Thursday, February 5, 2015
I know the exact moment it happened. Between the Strangler Fig and the Cahune Palm. I knew I was being bit, I slapped my back but it was too late. I instantly thought, "I hope I don't get malaria."
That night, while I was frantically applying antihistamine lotion to my badly bitten ankles, I felt a pinch in my back, in the same spot that I had been bitten in the jungle. Another pinch. "Hmm...mosquito bites don't usually hurt." As I cozied up in bed that night, I added "painful bites in Belize" to my hypochondriac web search, which produced the following: stingray, shark, and crocodile. Not helpful.
While my Mosquito bites continued to swell and itch, the bites on my back continued to pinch. They itched a little, but more like something was crawling on me. Then it would stop and pinch again. It was subtle. Obvious, but subtle. I remember mentioning it to Aaron a couple times and he provided his usual response, "Hmm.
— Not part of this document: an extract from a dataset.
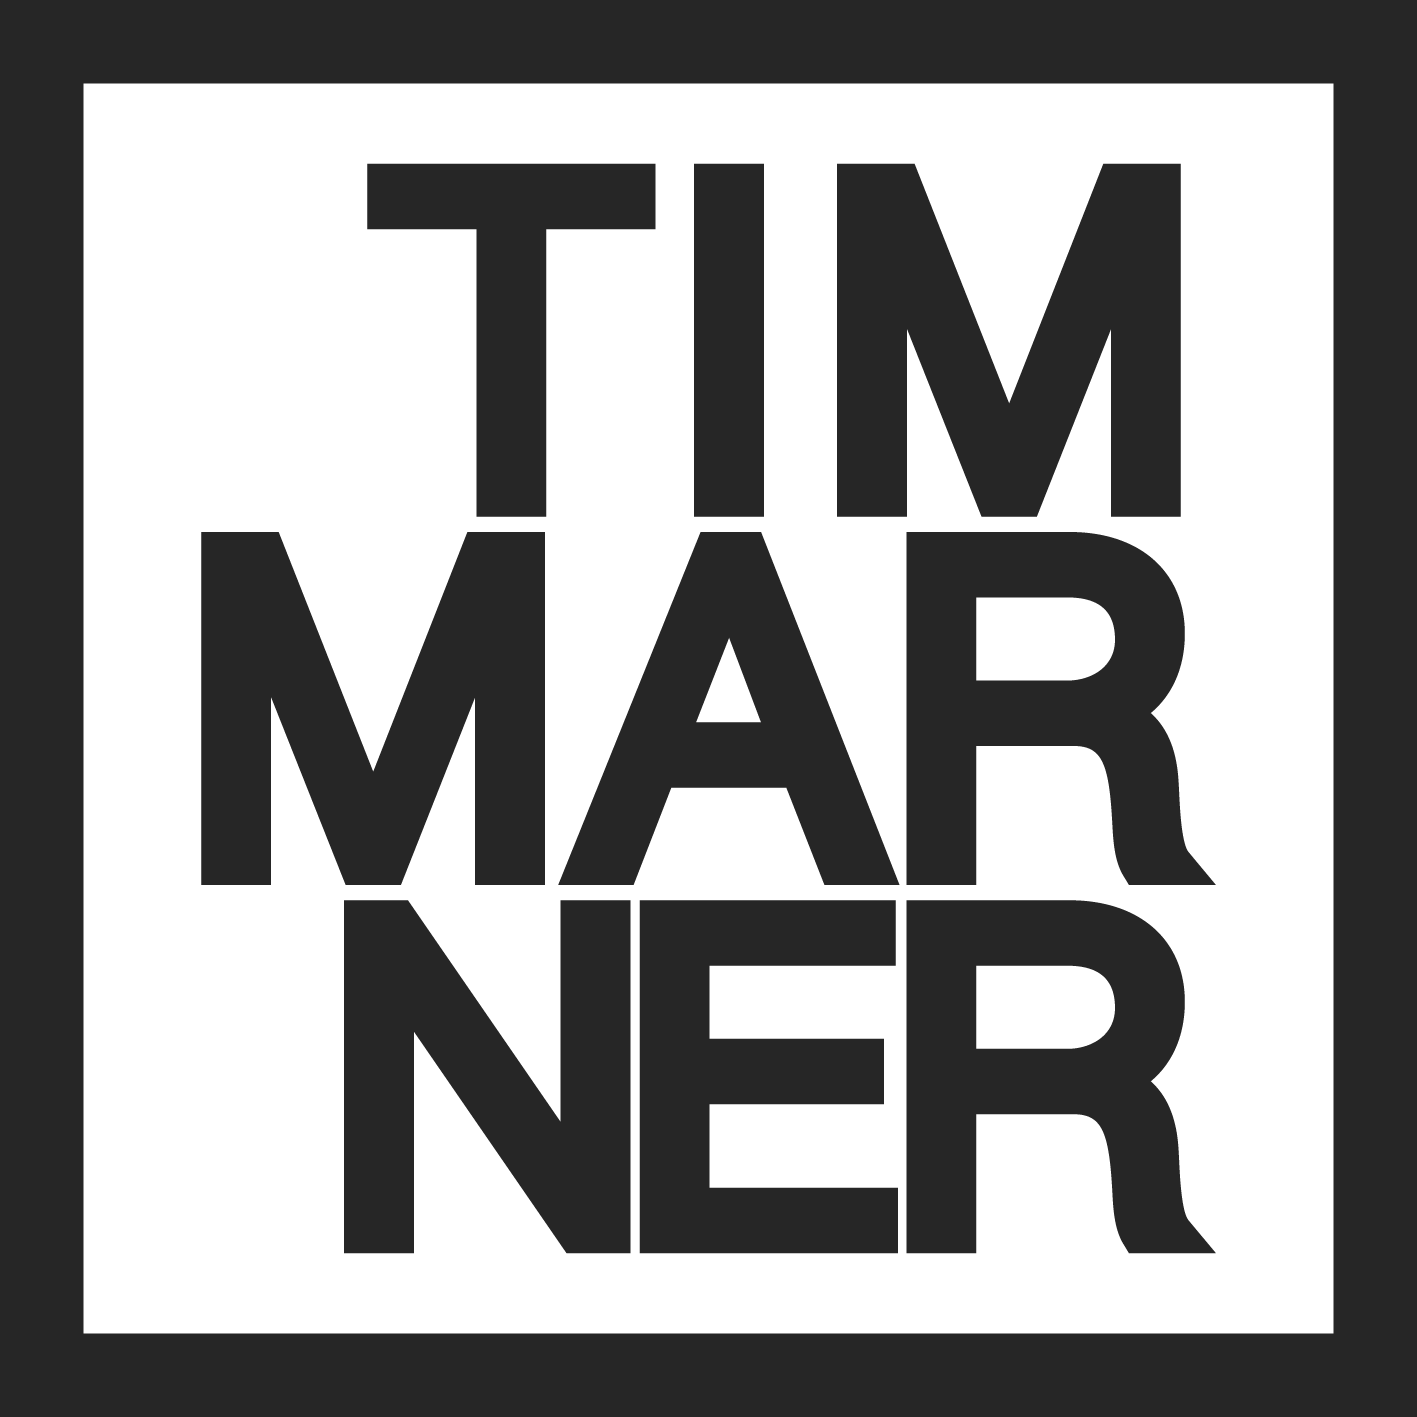 Tim Marner

Weird."
It wasn't until I was back in the states that I started to worry that my little pinch was a botfly. I watched my first "botfly removal" YouTube video in the Dallas Airport, threw up a little in my mouth and decided it was most definitely not a botfly. Please God, no.
Day 5, I noticed that a hole had formed in the middle of each bite. Not a good sign. They call that a "breathing tube." Seriously.
Day 8, I'm noticing a pattern of behavior, wherein the bite itches at specific times, hurts at specific times, and feels totally normal at specific times. Everyday, the same. I grew a baby in my stomach, this is too familiar. Is it sleeping and then burrowing and eating? My flesh? Oh.my.god.
Day 11, I KNOW it's a botfly. I'm an anxious person and I can make up some ridiculous shit but I know when something is living inside my skin. I'm totally dumbfounded by the people who don't know something is living in their skin and then their drunk friend pulls out a full grown worm. Really? You didn't feel that?
So I made the decision to force someone at urgent care to cut me open. I walked in pumped and ready to sell my case. If the doctor turned me away I was prepared to cry, beg, chain myself to the door, threaten malpractice. It was going in that direction too. She started to mention that I could "go home and..." At which point I cut her off and said, brazen and annoyed, "can't you just cut me open?" Her face lit up, "well, YEAH!"
Before she cut she called a friend who runs urgent cares in third world countries. She put him on speaker phone:
Doc: what can you tell me about botflies?
Third world Doc: do you have one?!
Third world Doc: I'm coming up! [he lives in Santa Fe when he's not ridding the world of parasites].
Doc: no way! This is mine!
Disappointed, Third world went on to explain how to triage a botfly site, how to drain it, and my doc finally interjected, "She [me] wants me to just cut her open." To which third world doc, stumbling over words, exclaimed, "oh! Well then cut her open!" I nodded enthusiastically.
She drapped me, numbed me and then cut. I was laying on my stomach, both sets of fingers crossed. I prayed she would find a bug. A hair follicle. A tumor with teeth and a spine, something. Unfortunately it's not totally out of the question for me to dream up a botfly infestation.
I once had a mental breakdown in the parking lot of public health because I had convinced myself I was HIV positive. And then there was the time I tried to talk my gynecologist into removing both of my ovaries because they were most likely days away from cancer.
Half way through canvassing my incision, Doc said, "I don't know honey, you might just be crazy." My heart sank. I panicked. "I effing posted this on Facebook!" A few moments passed. A mixture of depression and questioning Doc's competence was sinking in and then she whispered, "No fucking way."
She pulled something out, stuck it on my face. It was little, sinister and unabashedly covered in my blood. She was excited, breathless, "I have to put this under the microscope! You're bleeding. Is that ok?" "Yes! Go!" From the other room I heard it, clear as day, Doc yelling, "YES! I love my job! Best day ever!" My clenched fist thrust into the air. Victory.
She ran back into the room. "Get dressed! Come see!" She paused, "Wait, stitches." She sewed me up, threw my shirt at me and when I opened the door, there were two lines of urgent care workers. Like a processional, they led me to the microscope. I peered in. There he was, Bottie.
I've enjoyed the pain of my incision far more than watching the other bite grow and increasingly itch and now, well, just know that it gets grosser. I have a random physical tomorrow that I scheduled a month ago. I'm hoping we can skip the physical and go straight to cutting Bottie 2 out. I'm ready for it to be over. Most disgusting thing that has ever happened to me. By far.